Pulmonary manifestations. In the course of Lupus pleuritis (inflammation of the membrane covering the lungs), interstitial pneumonitis (inflammation with scarring of the lungs) and pulmonary hypertension (higher than normal pressure in the arteries of the lungs)may occur.

The last two are infrequent, but pleuritis occurs in 50% of patients with Lupus throughout the disease, although it is rare to appear at the onset of the disease. These symptoms usually present as chest pain accompanied by difficulty breathing.

Gastrointestinal symptoms

They are common in patients with Lupus but are usually more associated with the treatment than with the disease itself. They emphasize gastritis (inflammation or swelling of the lining of the stomach) and the peptic ulcer (sore in the mucosa that covers the belly), related to the non-steroidal anti-inflammatories and the glucocorticoids.

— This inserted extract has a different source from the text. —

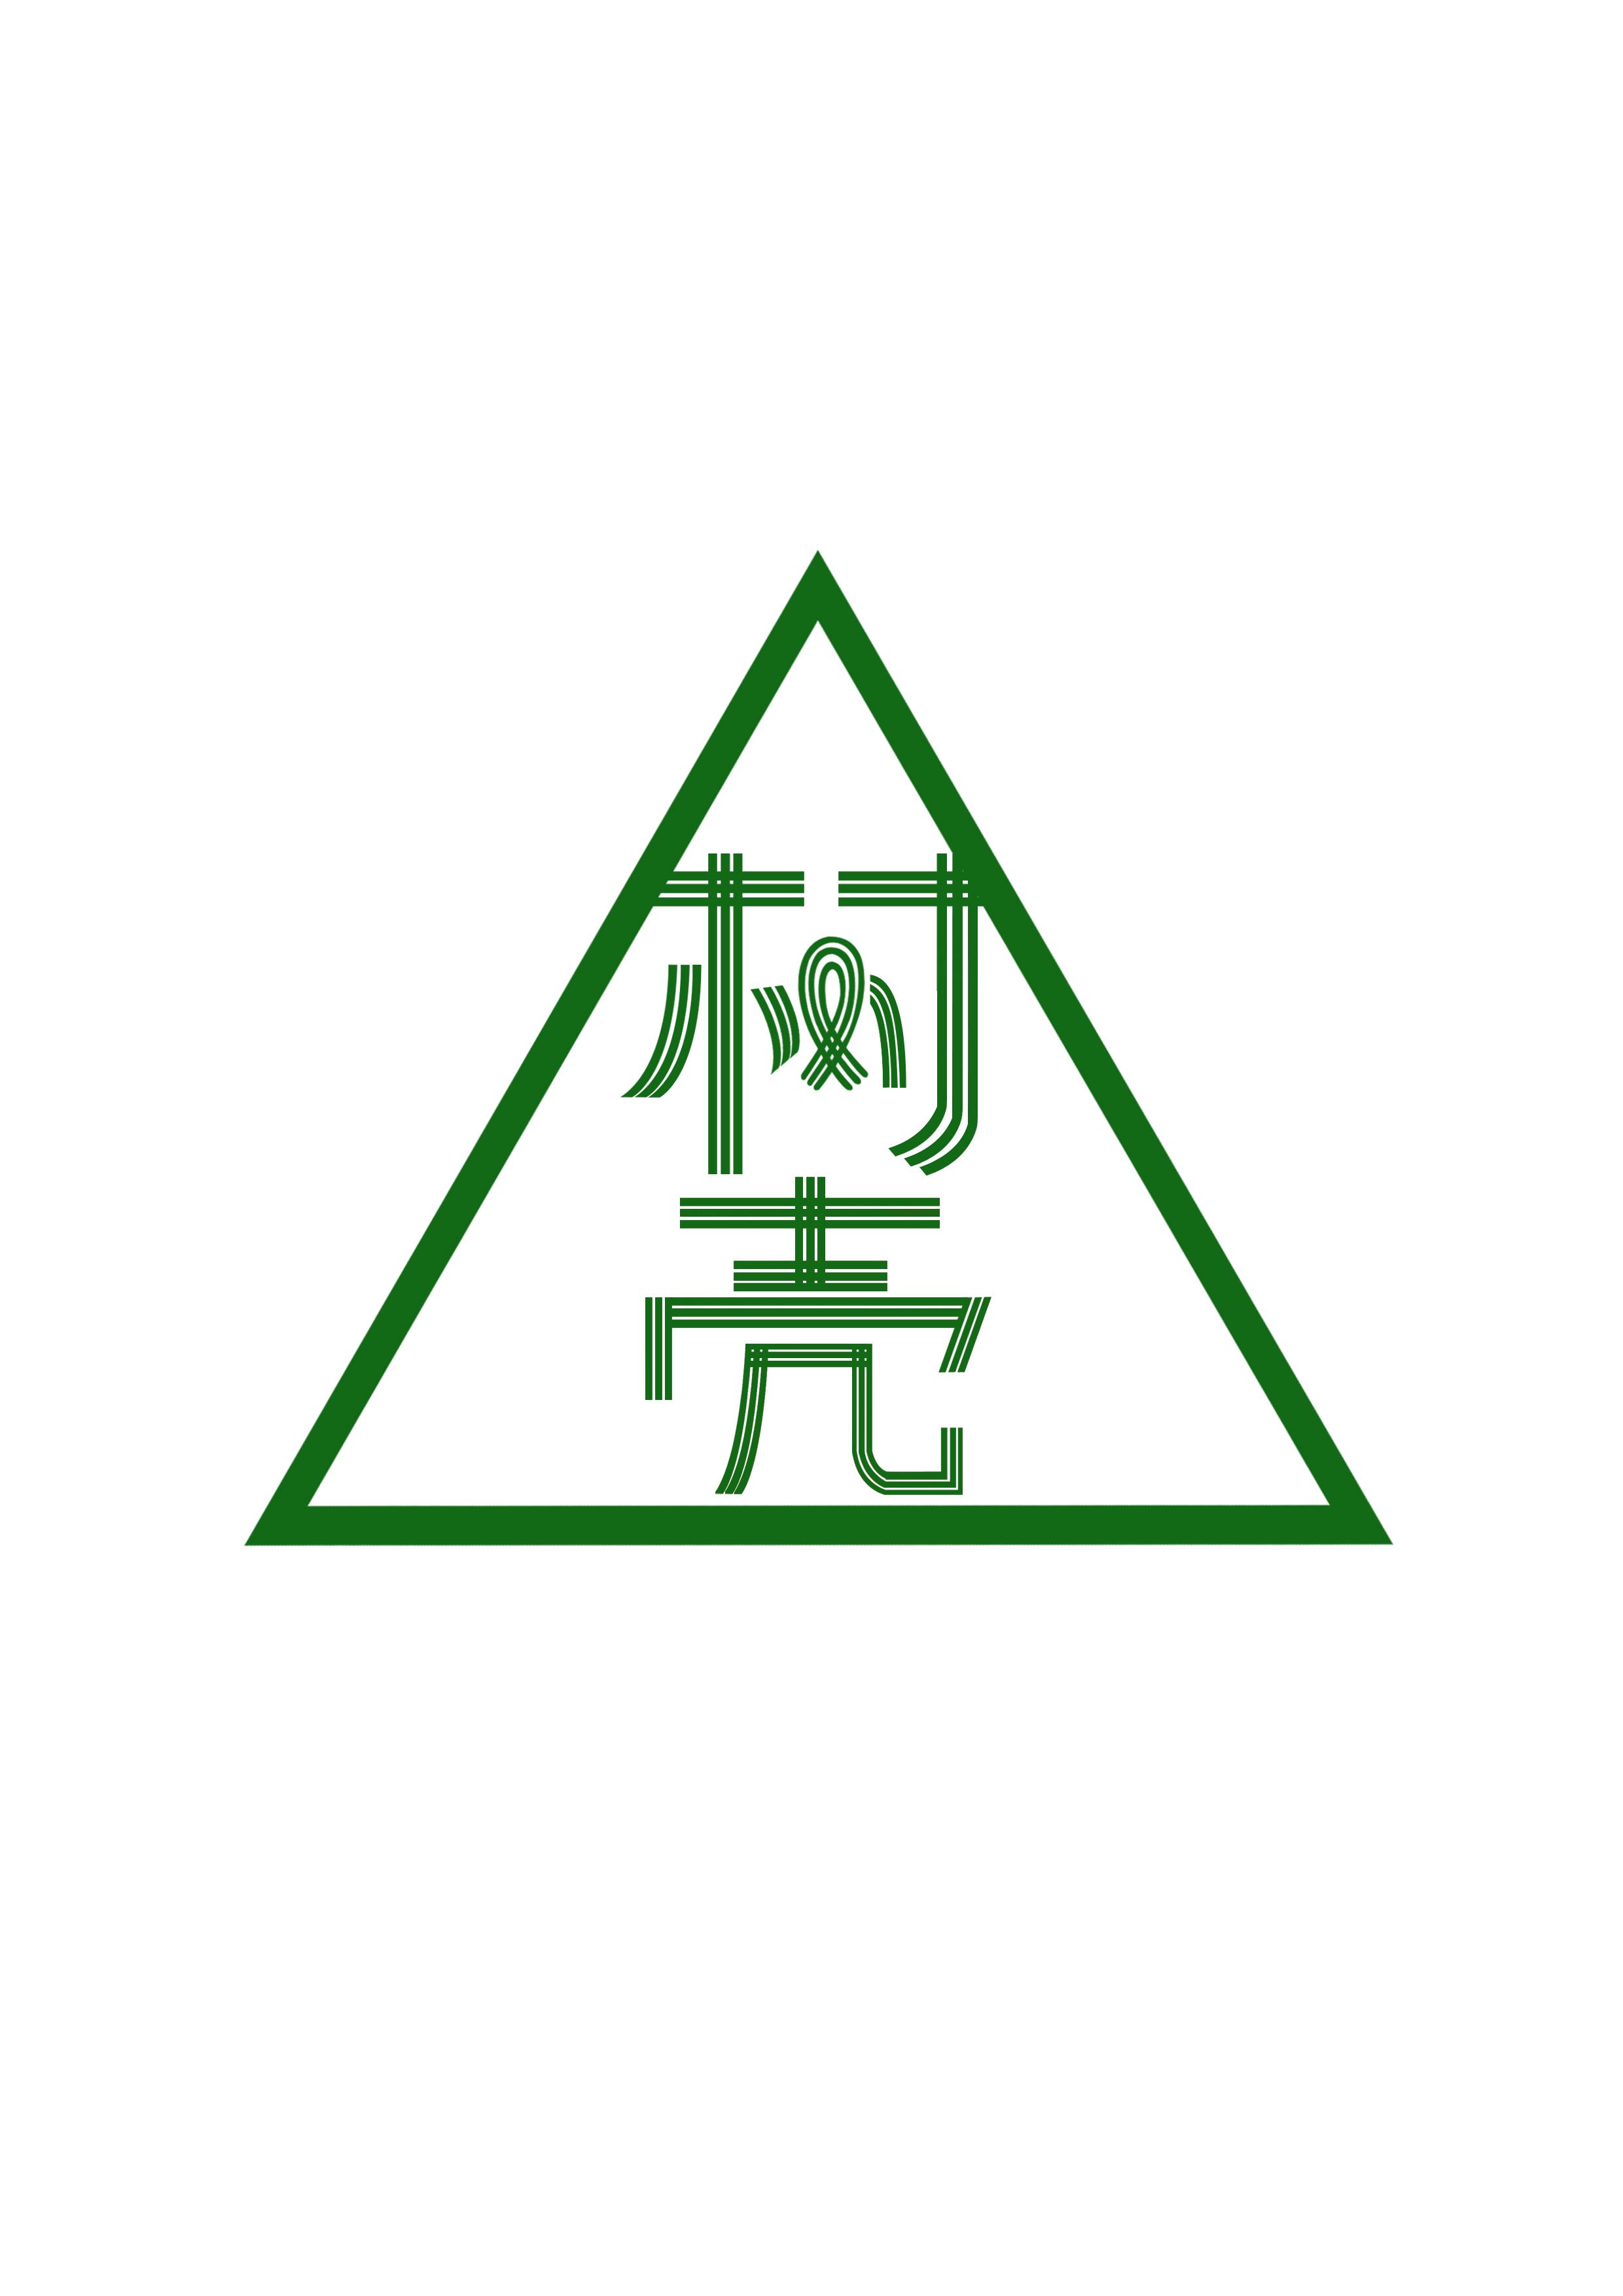 logo 标识 标志 设计 矢量 矢量图 素材 图标 2480_3508 竖版 竖屏

Hematological manifestations

They present at the beginning of the disease in 23% of patients; However, during Lupus, they can affect 80% of patients. Among the most frequent hematological manifestations is the decrease in the number of white blood cells, followed by a reduction of red blood cells (anemia) and platelets (thrombocytopenia).

Antiphospholipid syndrome

This syndrome is associated with the presence of thrombi (blood clots) in arteries and veins. In pregnant women, it is usually associated with complications such as repeated miscarriages, fetal deaths, premature births, and preeclampsia (a severe form of pregnancy-induced hypertension).

Now, you clear how is lupus diagnosed. The symptoms described tend to appear and disappear. When the symptoms appear, they are called “buds.” The outbreaks vary from mild-moderate to strong. At any time, new symptoms may appear.